Give the data again exactly as written, without any of its pictures.

• _Given material_
Start of Block

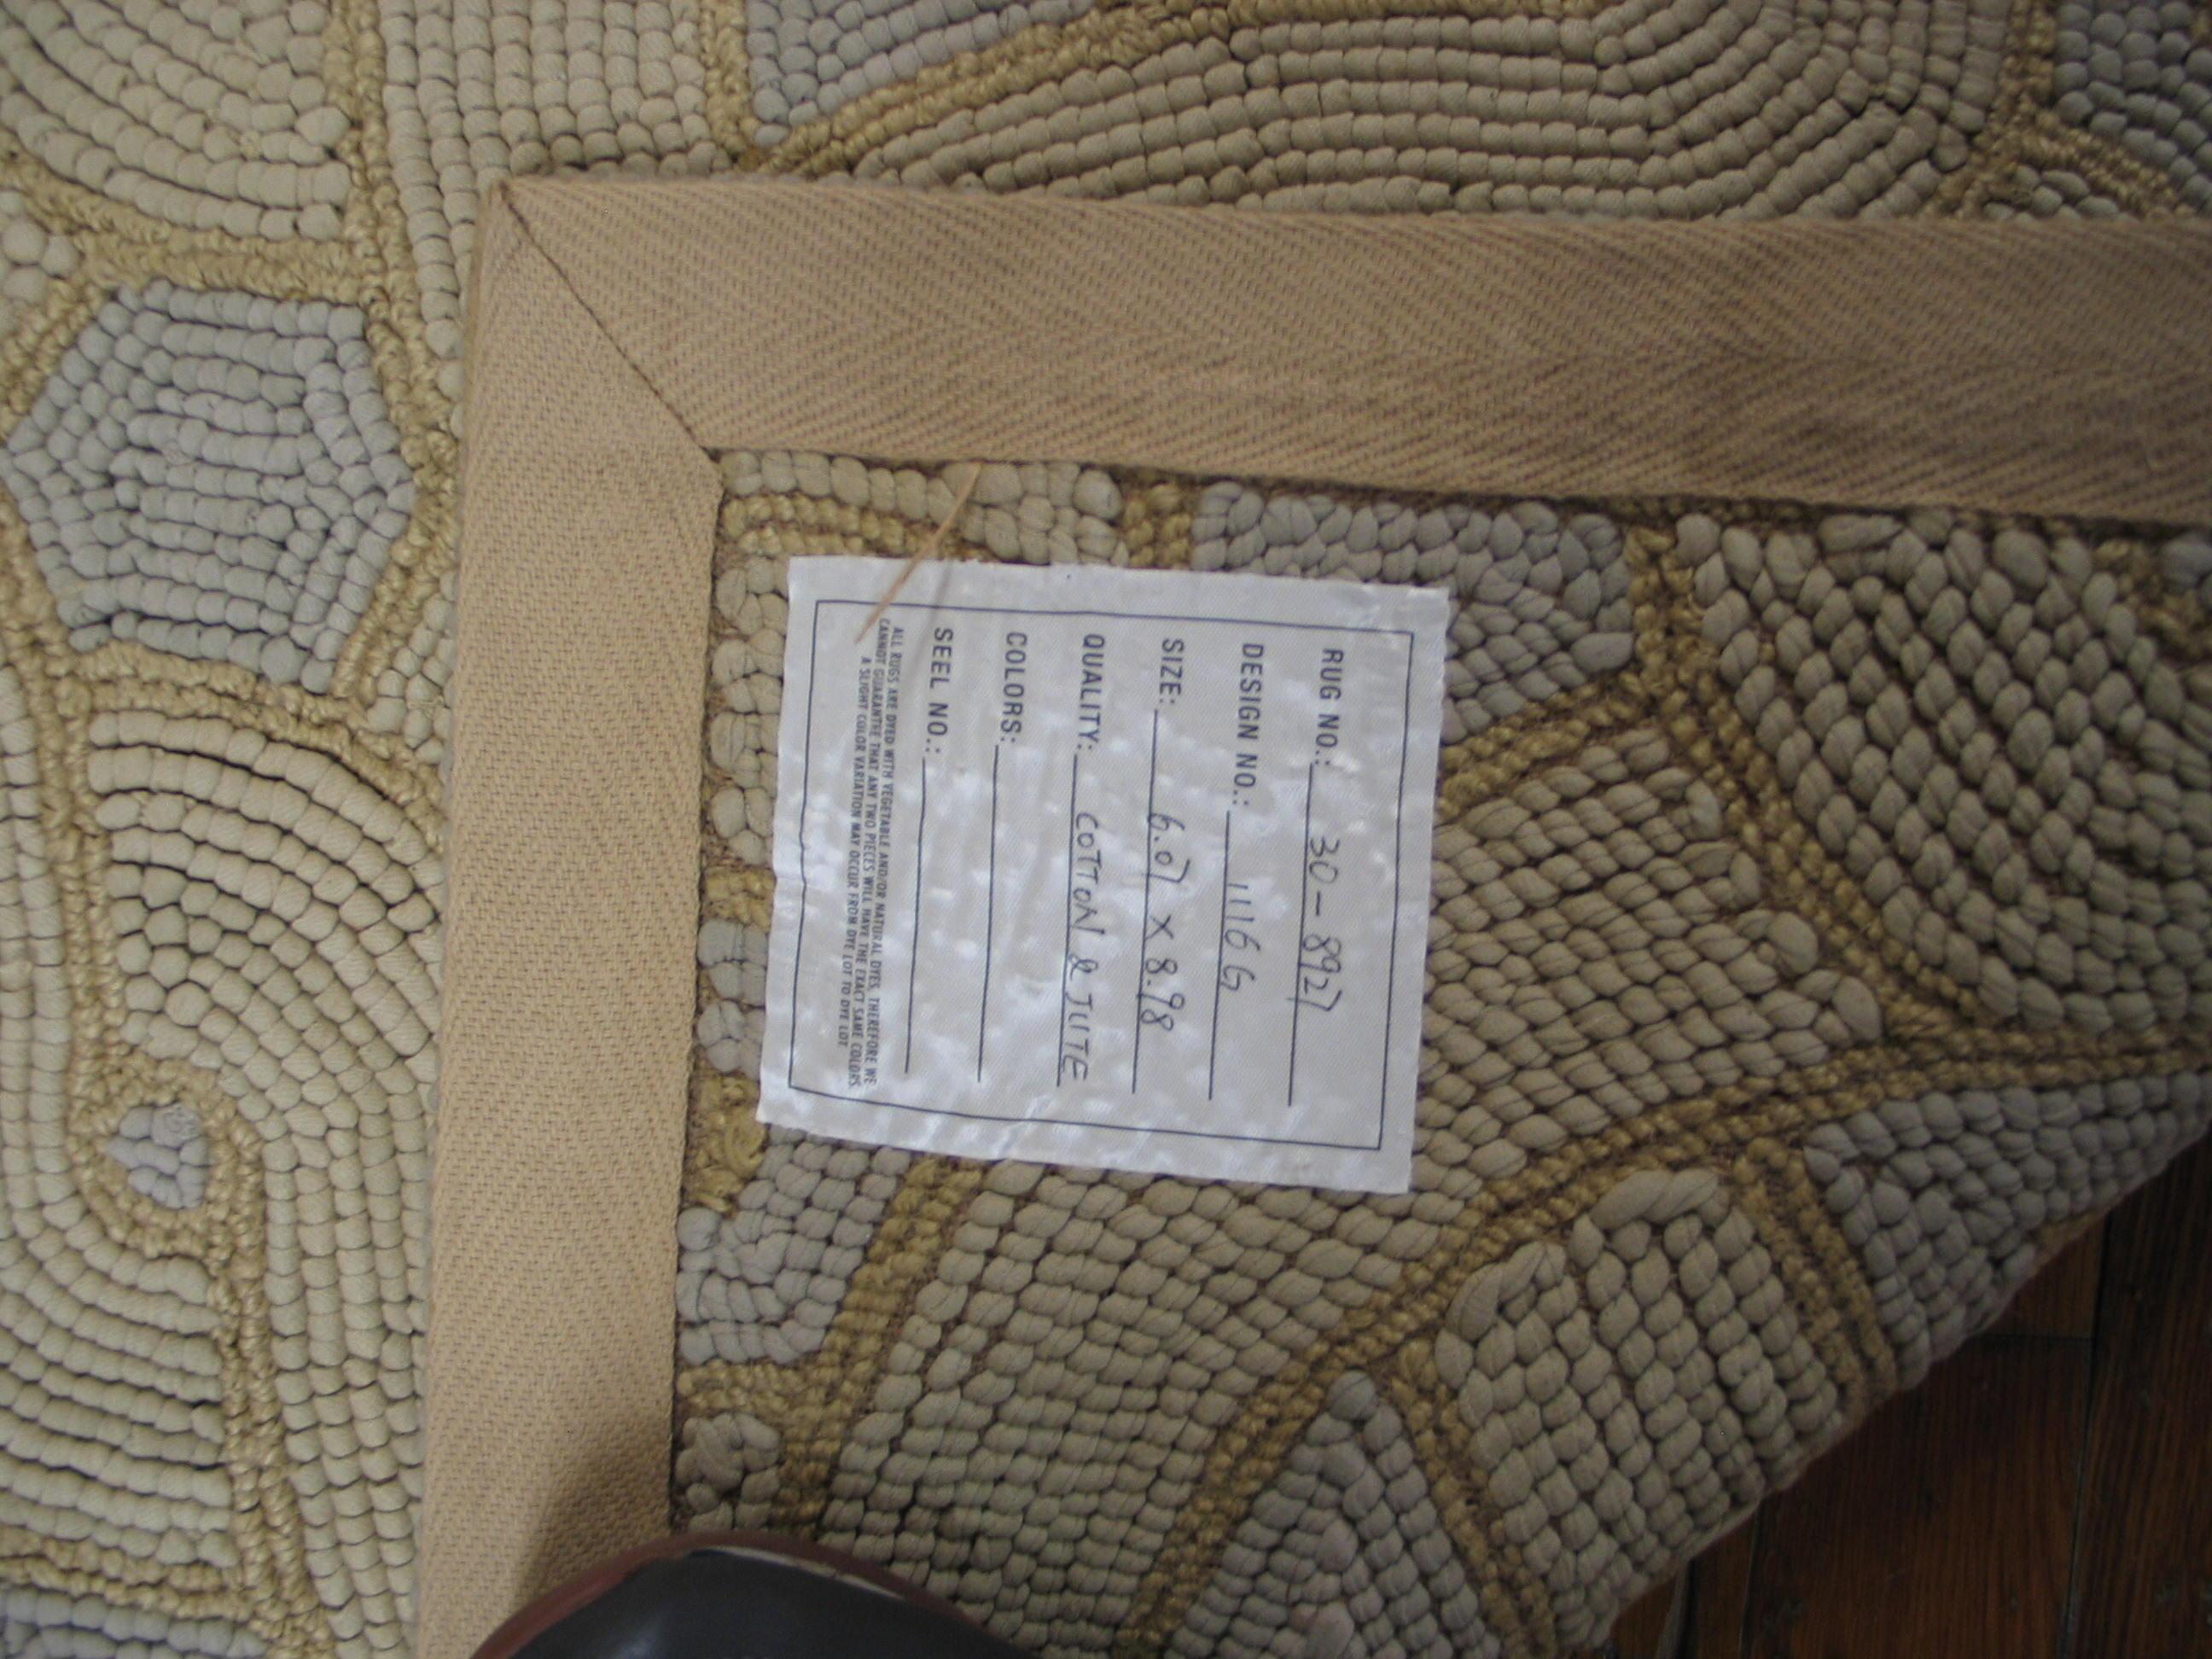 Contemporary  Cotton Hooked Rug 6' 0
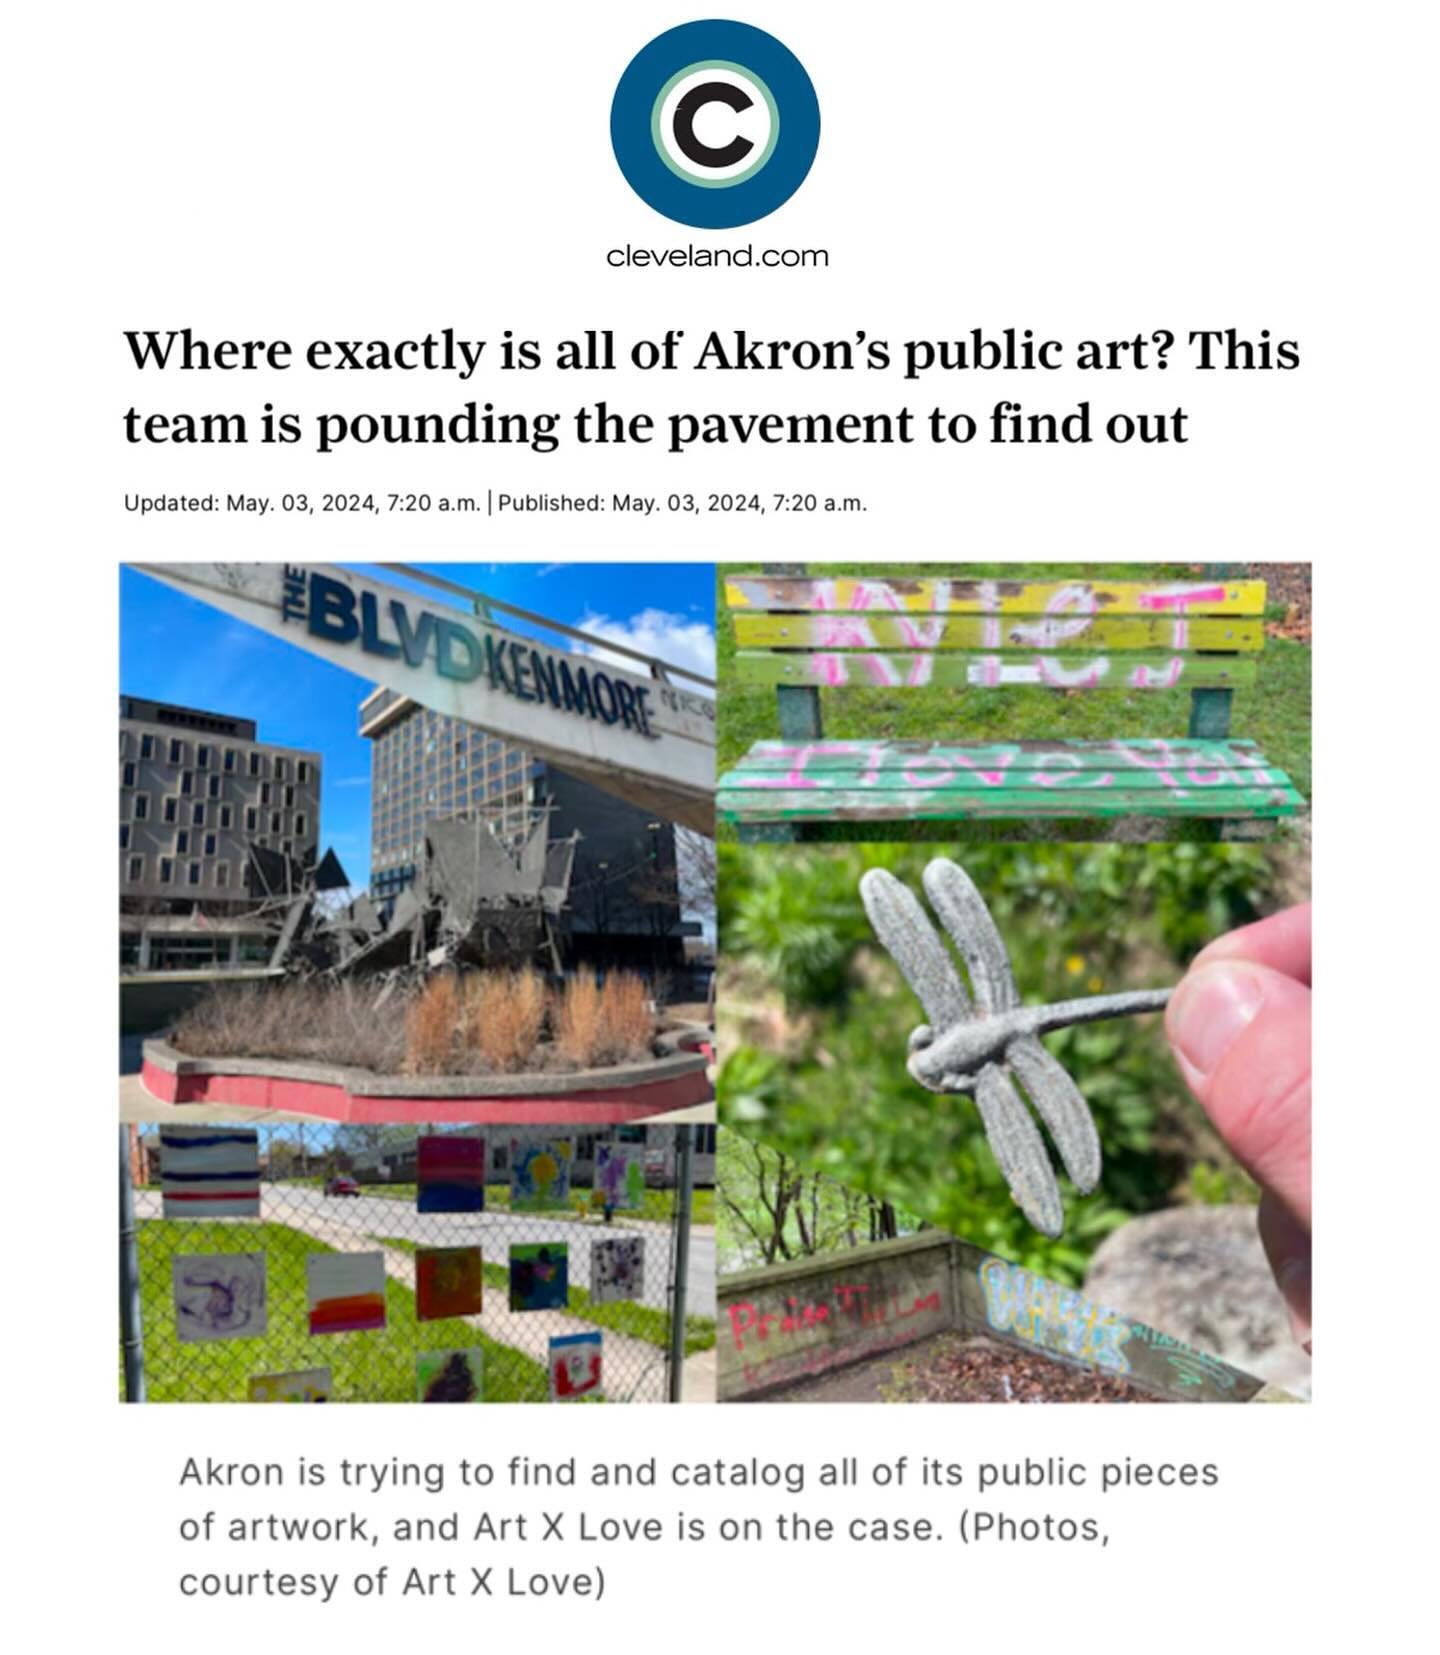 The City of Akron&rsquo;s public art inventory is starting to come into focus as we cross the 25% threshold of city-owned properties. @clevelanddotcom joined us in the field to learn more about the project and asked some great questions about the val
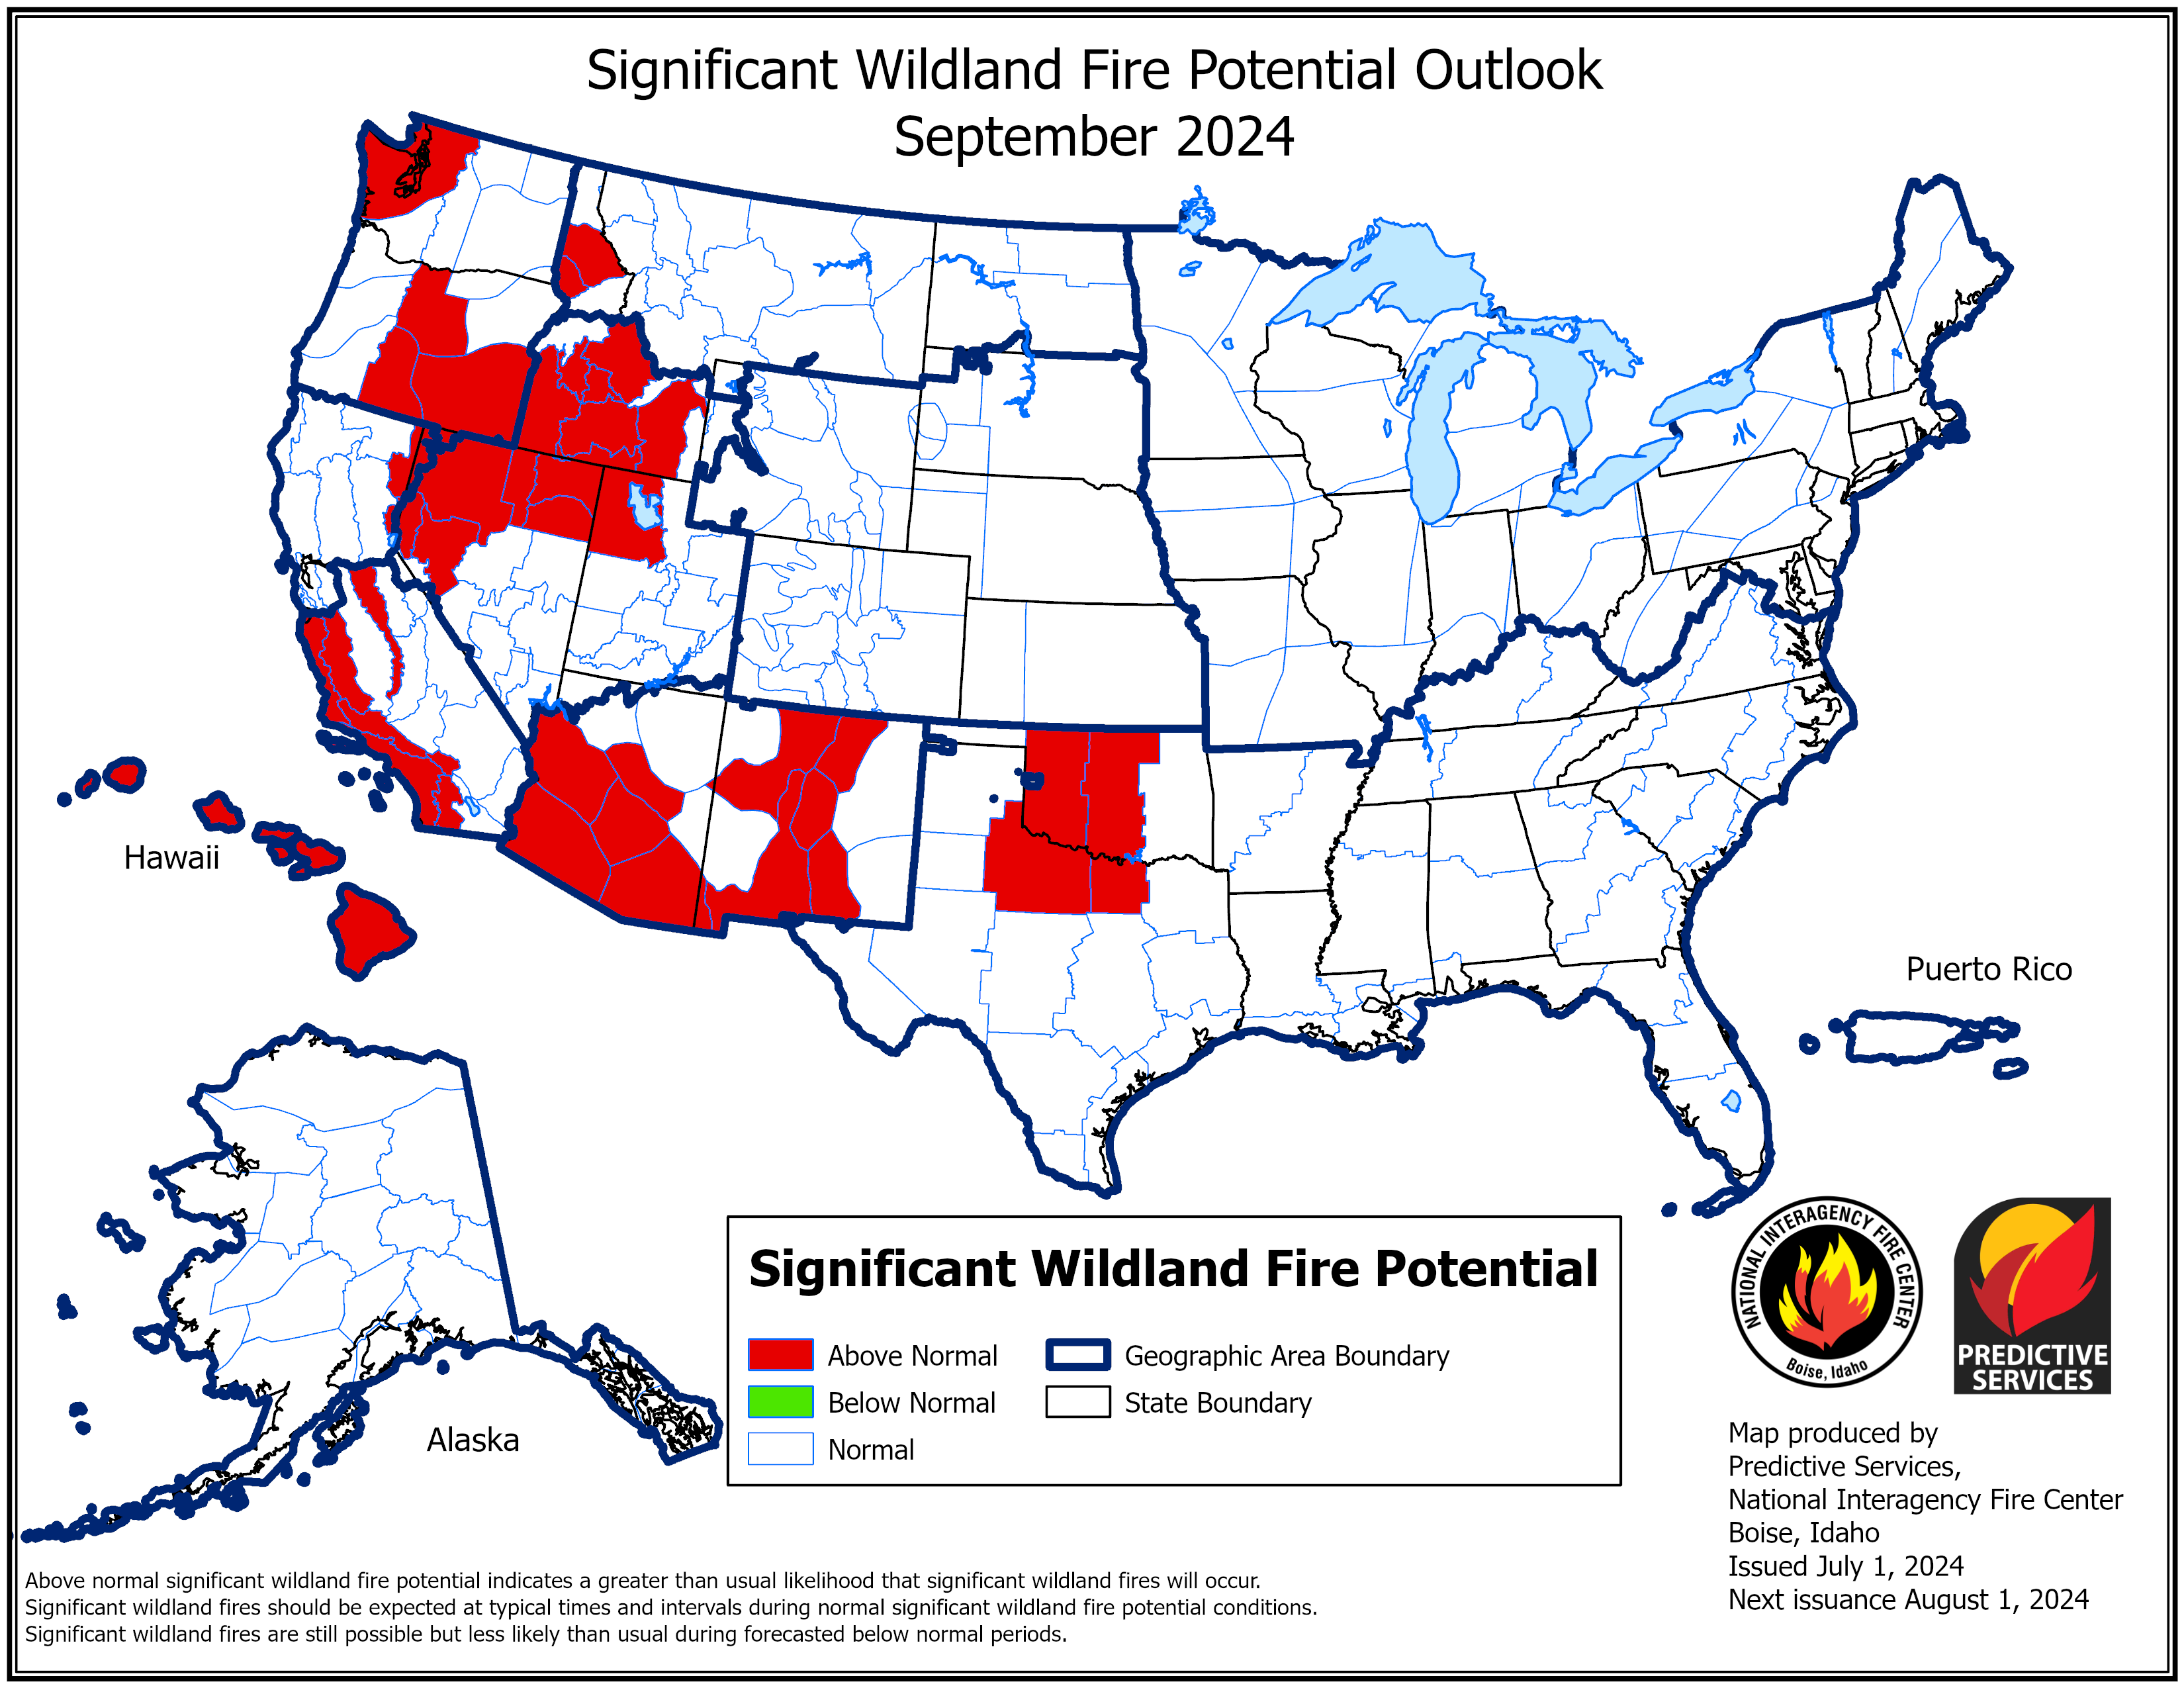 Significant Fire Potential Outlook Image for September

End of Block

• _Solution_
 Contemporary  Cotton Hooked Rug 6' 0
 The City of Akron&rsquo;s public art inventory is starting to come into focus as we cross the 25% threshold of city-owned properties. @clevelanddotcom joined us in the field to learn more about the project and asked some great questions about the val
 Significant Fire Potential Outlook Image for September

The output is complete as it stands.